Problems Grounded in Real-World Contexts

Throughout the redesigned SAT, students will engage with questions grounded in the real world, questions directly related to the work performed in college and career.
In the Evidence-Based Reading and Writing section, reading questions will include literature and literary nonfiction, but also feature charts, graphs, and passages like the ones students are likely to encounter in science, social science…

Again, this is a “removal of knowledge” change. Not necessarily watered down, mind you, but I definitely see a trend here, which I hope the reader can determine as well.

There are more changes, but I’ll investigate those next time.


  1. You wrote that "it’ll be that much harder to determine if the top scorers on the SAT are really good students, or just mediocre students that are good at the watered down standards." However, once the standards are watered down, if the formerly mediocre students can now meet them so easily, they become the good students, that's all. Those who would have been really good students under the old system either become exceptionally good according to the new standards, or their extra knowledge becomes irrelevant for testing purposes. It's like being a good cook, knowing how to change a tire or speaking a foreign language that is simply not part of the testing. The knowledge is not necessarily useless, on the contrary. It's just that it is not considered for the purposes of this test.

    1. Actually, no. The top student would have a 1300, and stand out amongst the tens of thousands of students.

      But, now, the top student gets a 1300...as does a thousand other students. One the "best" is lowered, then the best don't look so good.

    2. But why shouldn't the highest scores be within reach for most people of normal intelligence provided, of course, that they are willing to study seriously? Is it fair to rig the test in a way that keeps the scores low for the vast majority of people?
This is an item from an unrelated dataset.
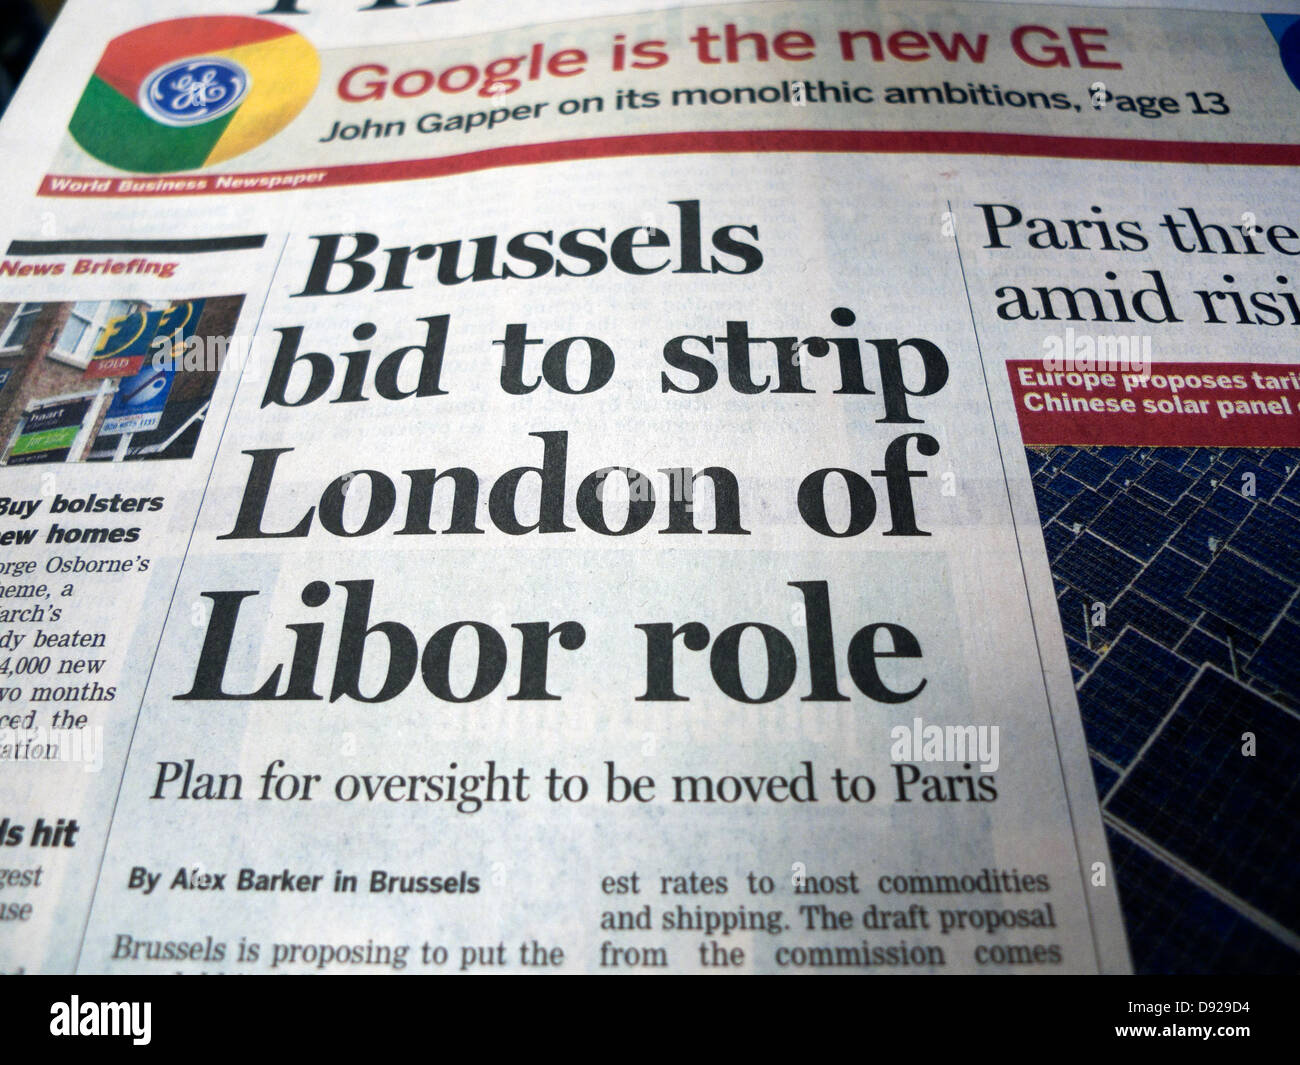 "Brüssel Gebot, Libor London Rolle Streifen" Libor Bankenskandal in Financial Times Zeitung titelt London England UK 6. Juni 2013 Stockfoto

    3. If those who have the intellectual capability shouldn't be allowed to have the top score on exams such as the SAT or GRE, then any butterfingers should be allowed to play quarterback in professional football and any one tone-deaf and having a tin ear should sing the lead in "La Traviata". Why are standards acceptable for entertainment and sports but not in education?

    4. Those who have the intellectual capability should be allowed to have the top score. Only, there should be many such people. Standards are acceptable. It's just that in education, most normal people should be able to get 100%. I have always understood standards as some kind of minimum, not as a way to exclude the vast majority of the population.

      In professional football or opera singing, there are very few highly paid positions. Of course they are very hard to get. In education, there are many places and it is the students (or someone else on their behalf) who must pay. Of course the standards should be closer to what the intelligent but rather average person can realistically achieve.

    5. I, for one, am glad that there were high standards. It gave me something to work towards. I knew I might not get there, but it didn't prevent me from trying. In no way did I ever feel that those high standards excluded me.

      If I was to qualify for the rewards of those standards, I had to *earn* them by virtue of hard work, talent, and, often, a bit of luck. Simply "paying", as you put it, only allowed me the opportunity to participate, not to purchase the end result.

      The student is *not* a customer.